* _Problem_
Exclude all pictures from your copy of the data below, which should otherwise match exactly.

* _Dataset excerpt_
Segment Open

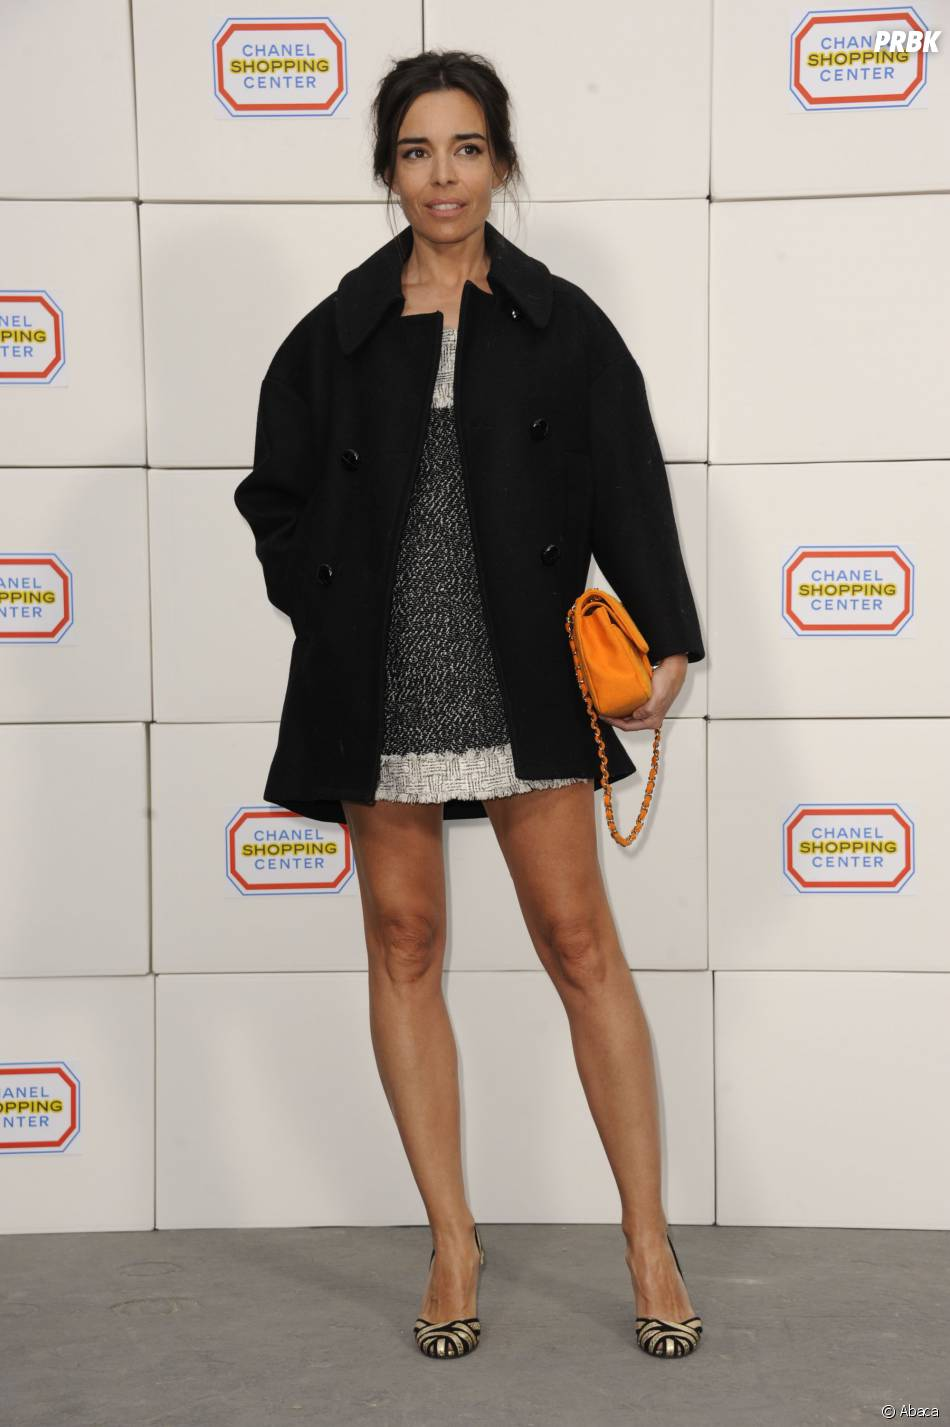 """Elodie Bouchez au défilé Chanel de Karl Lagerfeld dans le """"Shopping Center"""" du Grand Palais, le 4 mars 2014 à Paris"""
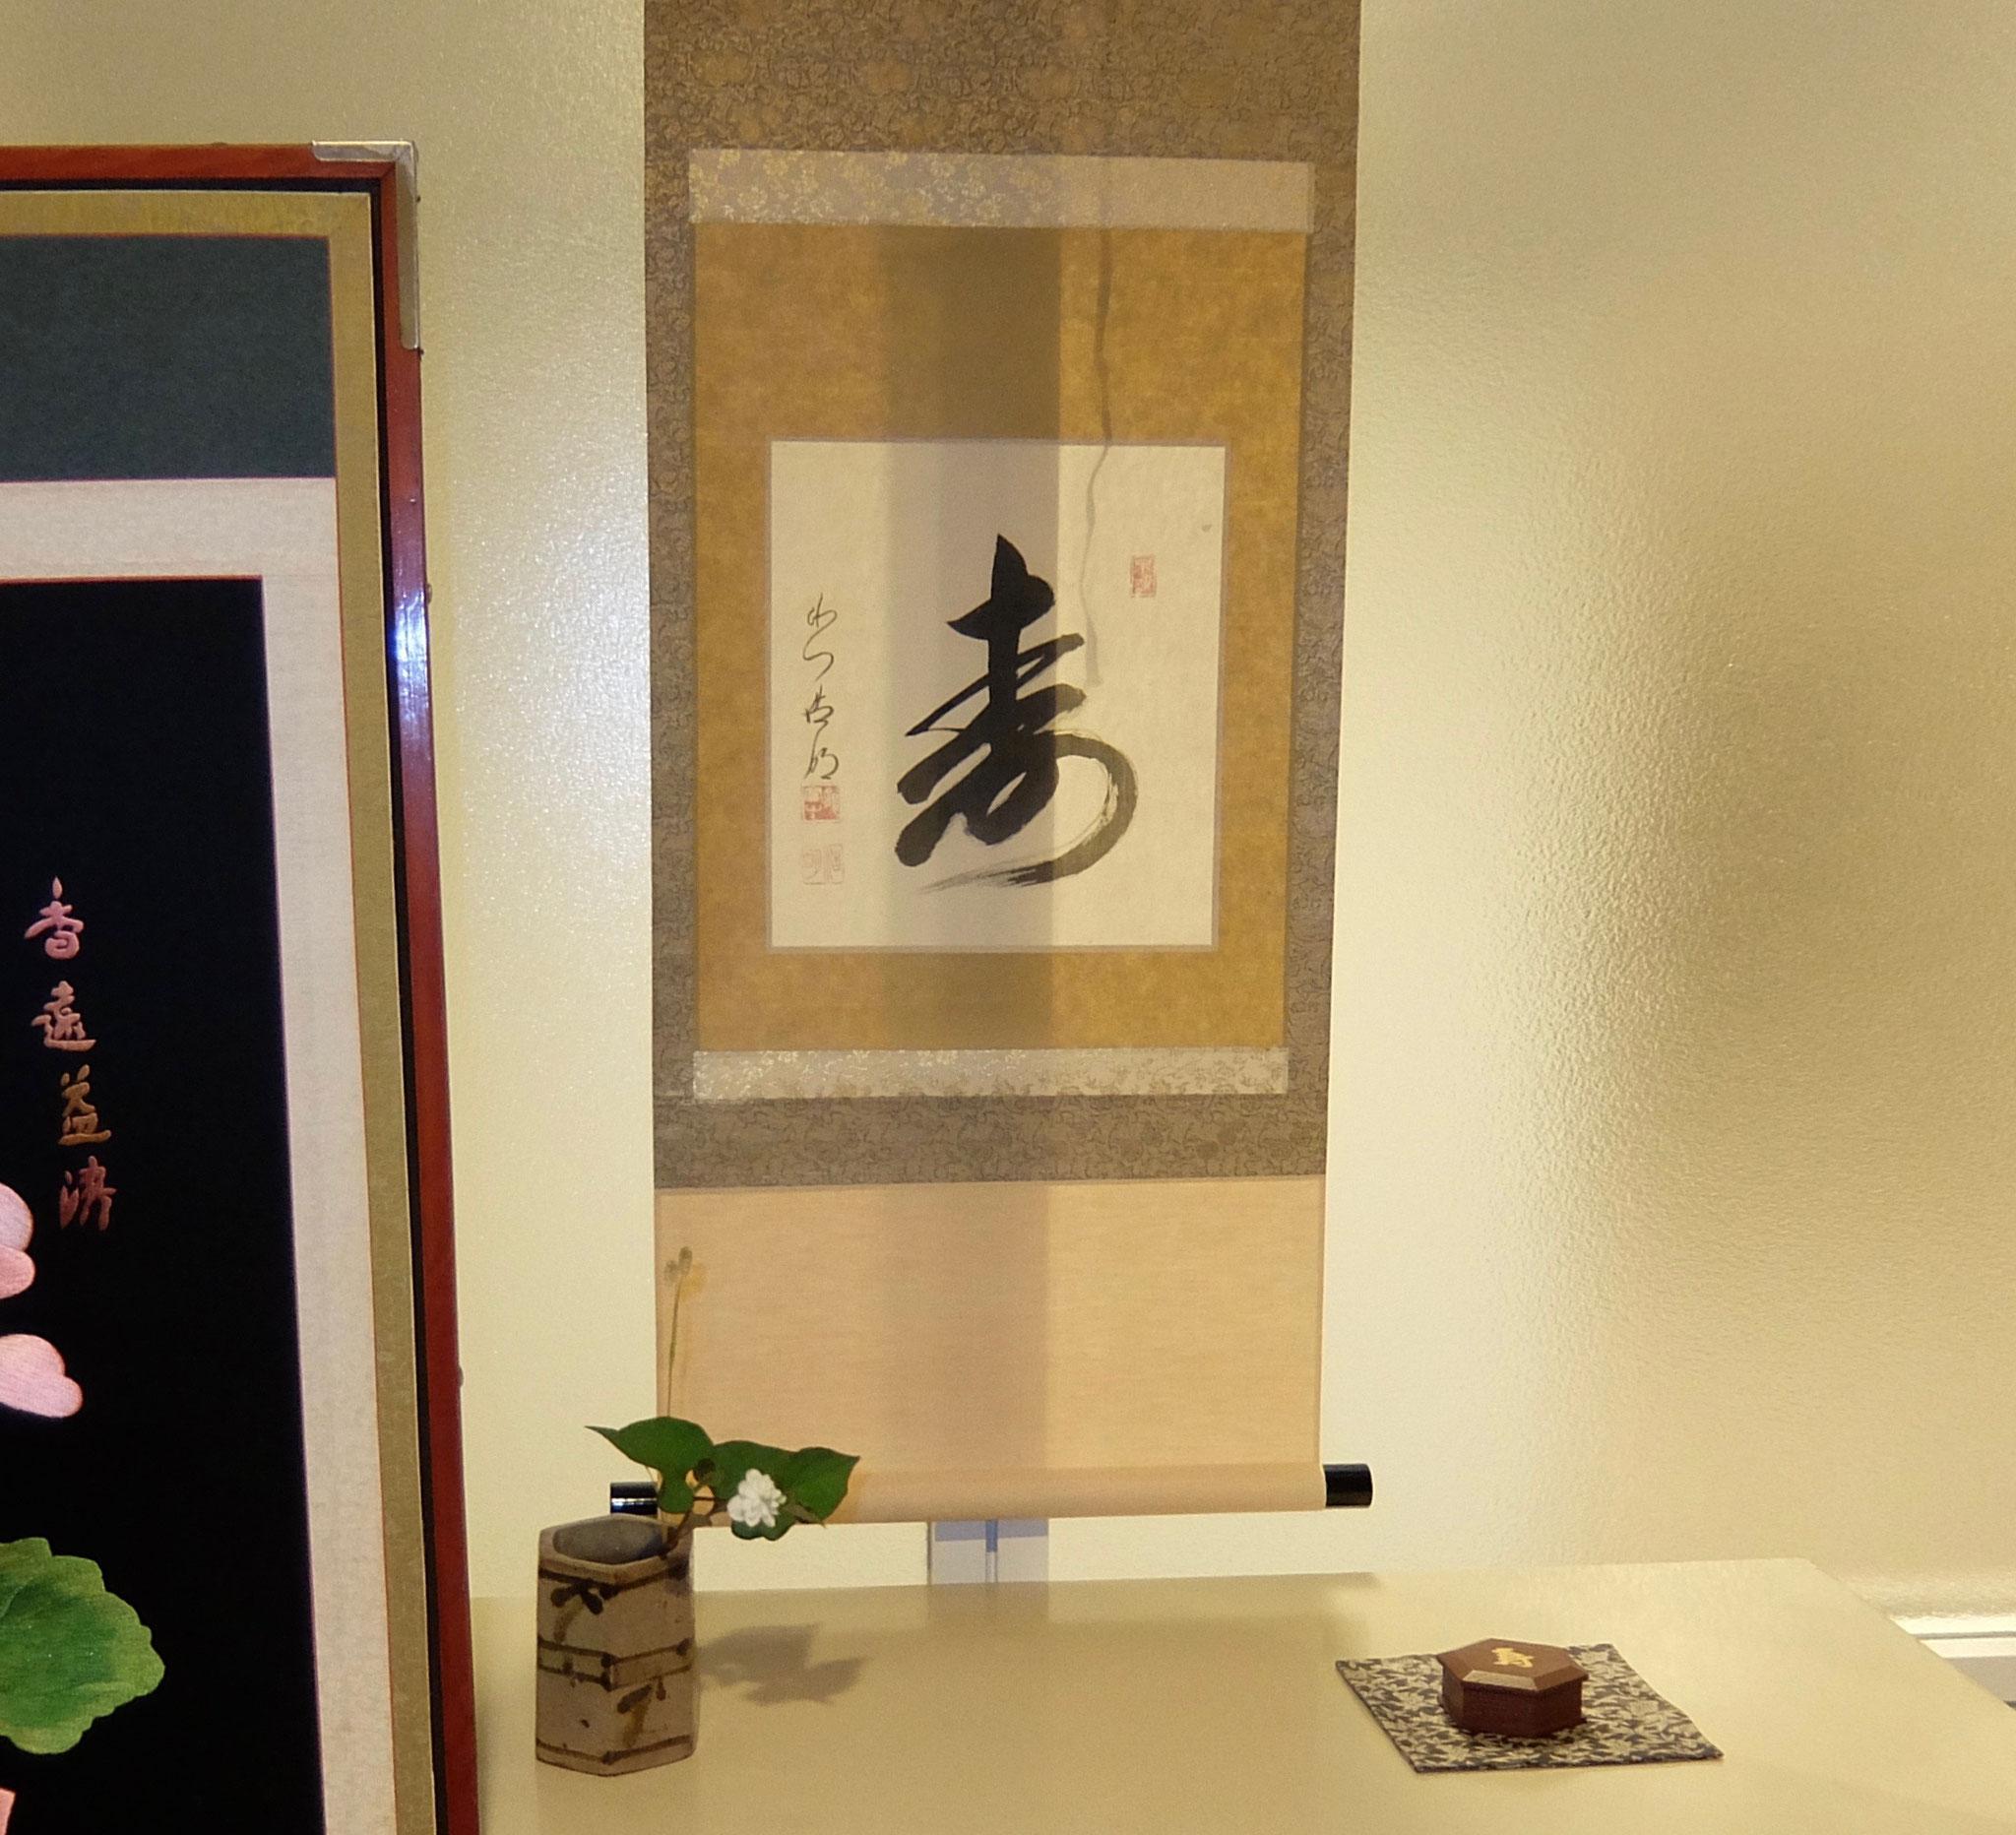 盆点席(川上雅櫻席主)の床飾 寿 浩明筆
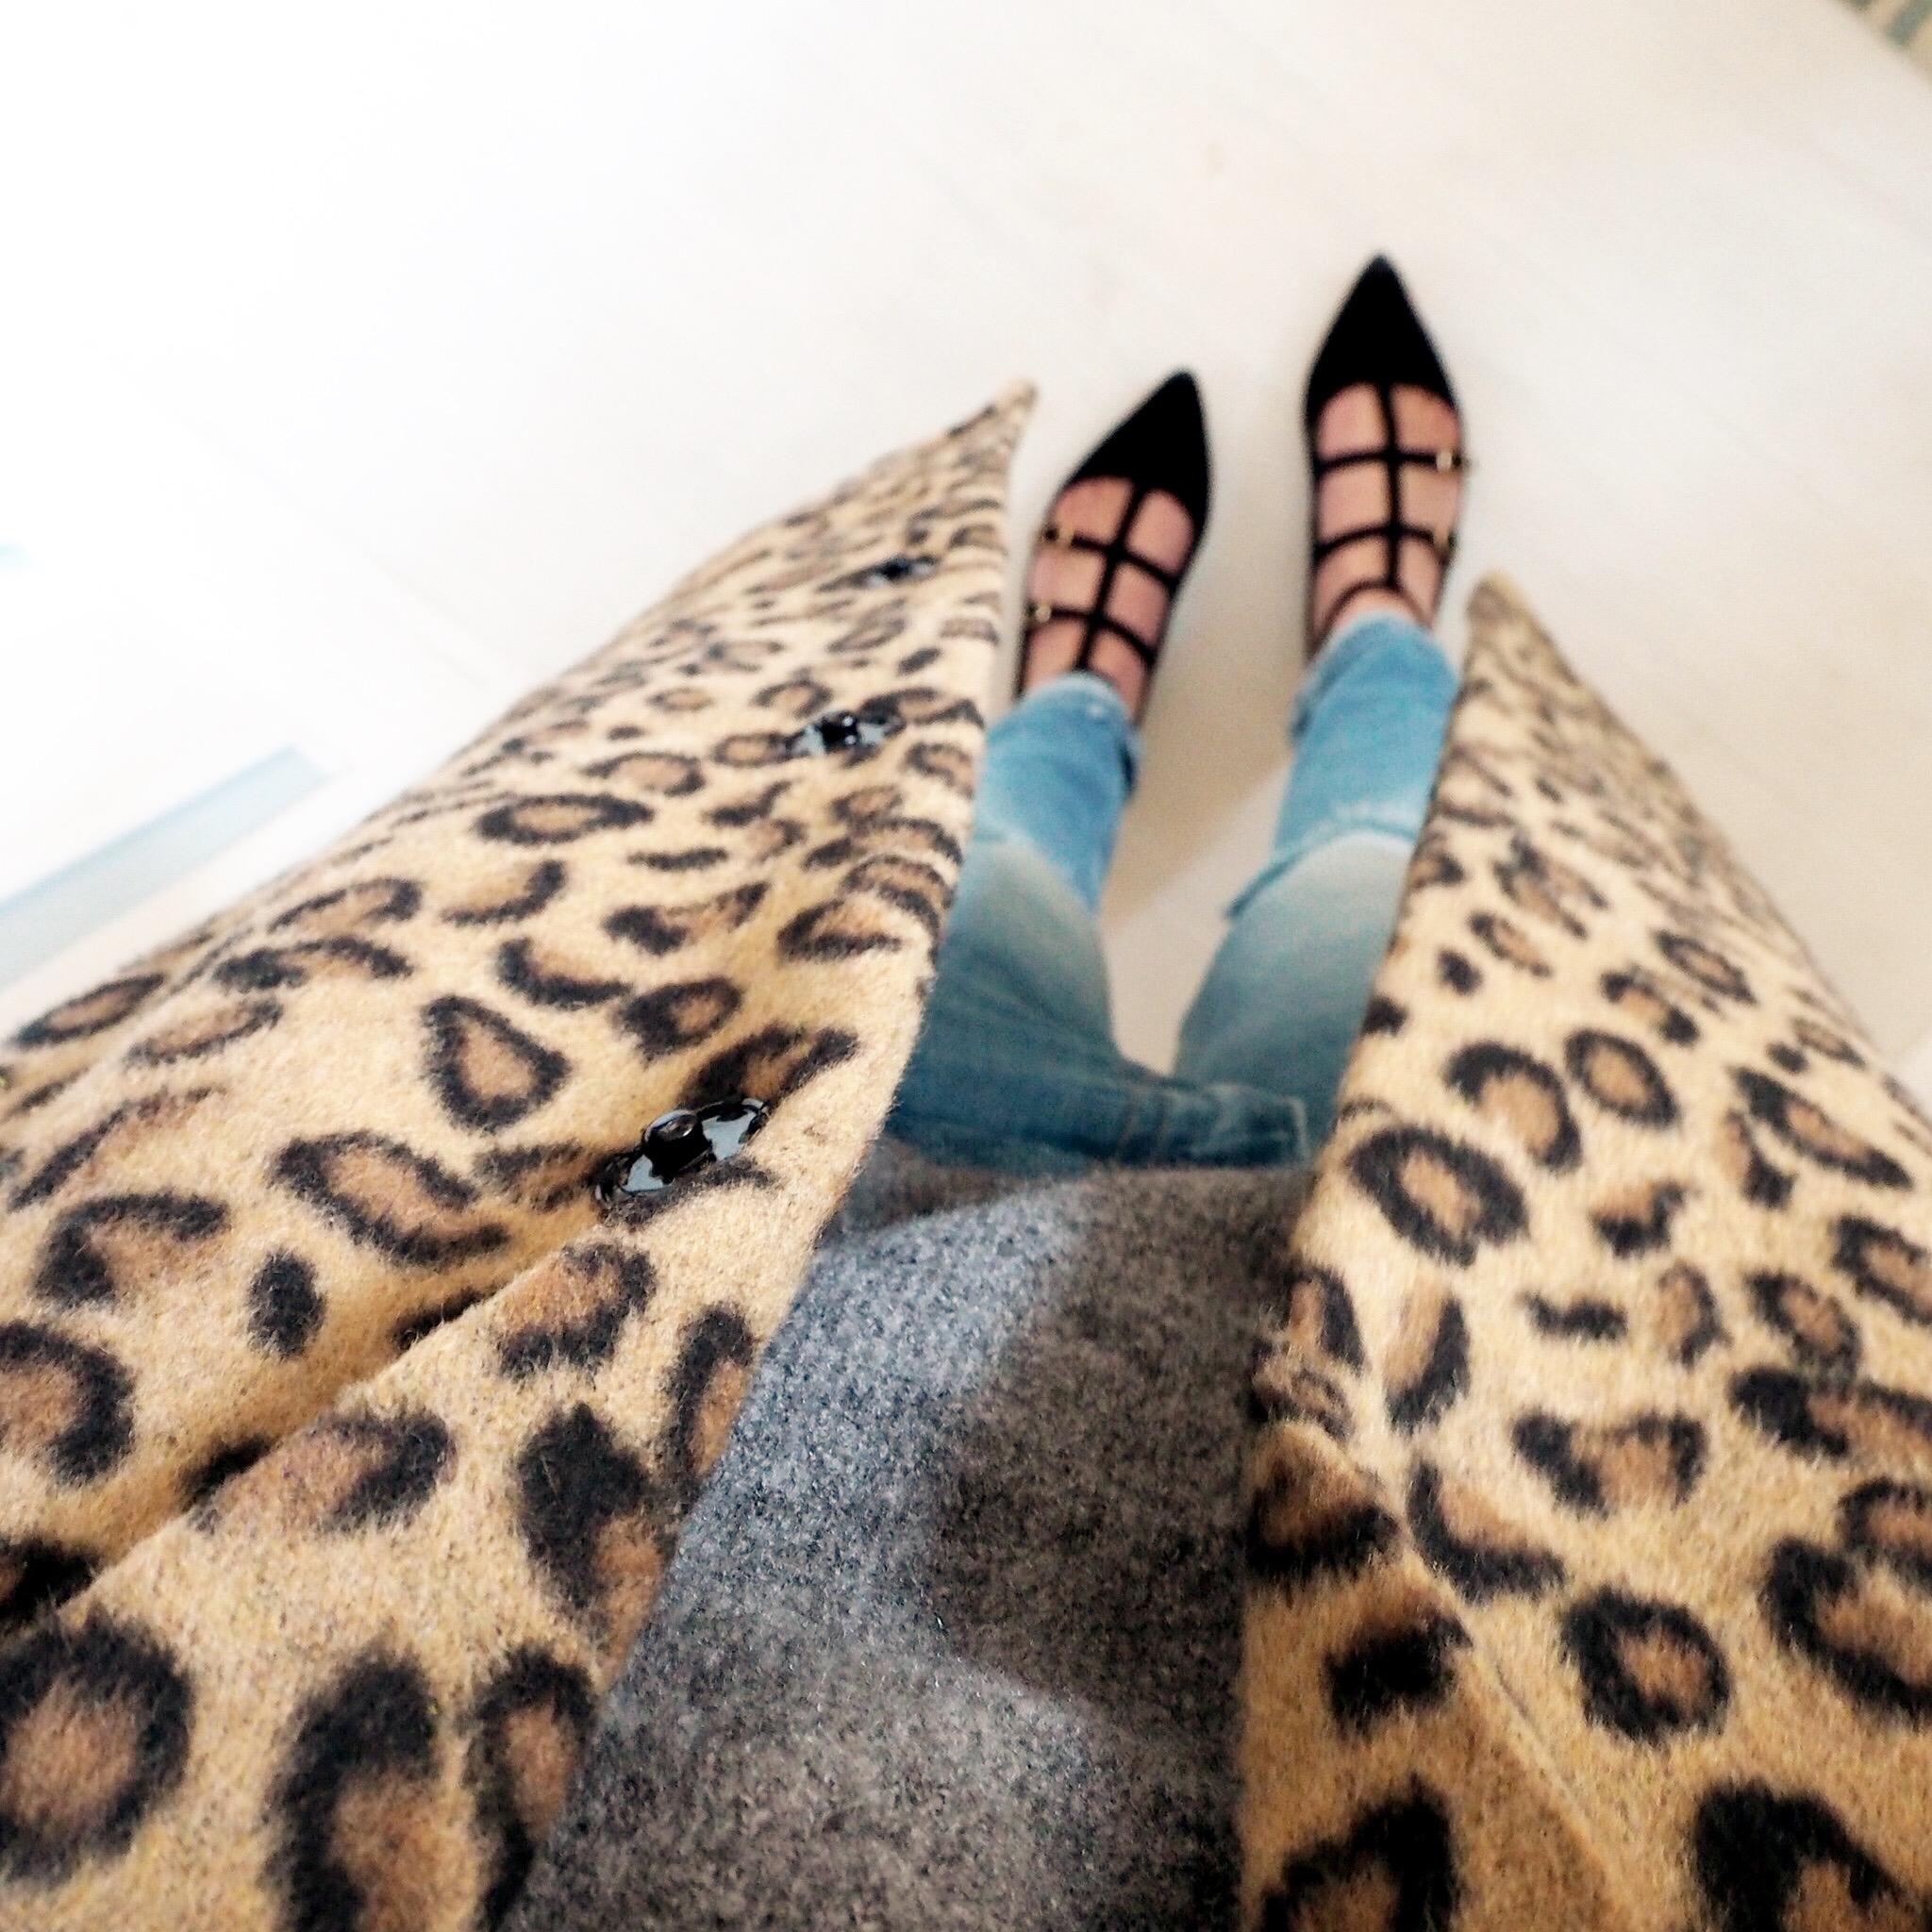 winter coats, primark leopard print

Segment Closed

* _Exercise response_
 """Elodie Bouchez au défilé Chanel de Karl Lagerfeld dans le """"Shopping Center"""" du Grand Palais, le 4 mars 2014 à Paris"""
 盆点席(川上雅櫻席主)の床飾 寿 浩明筆
 winter coats, primark leopard print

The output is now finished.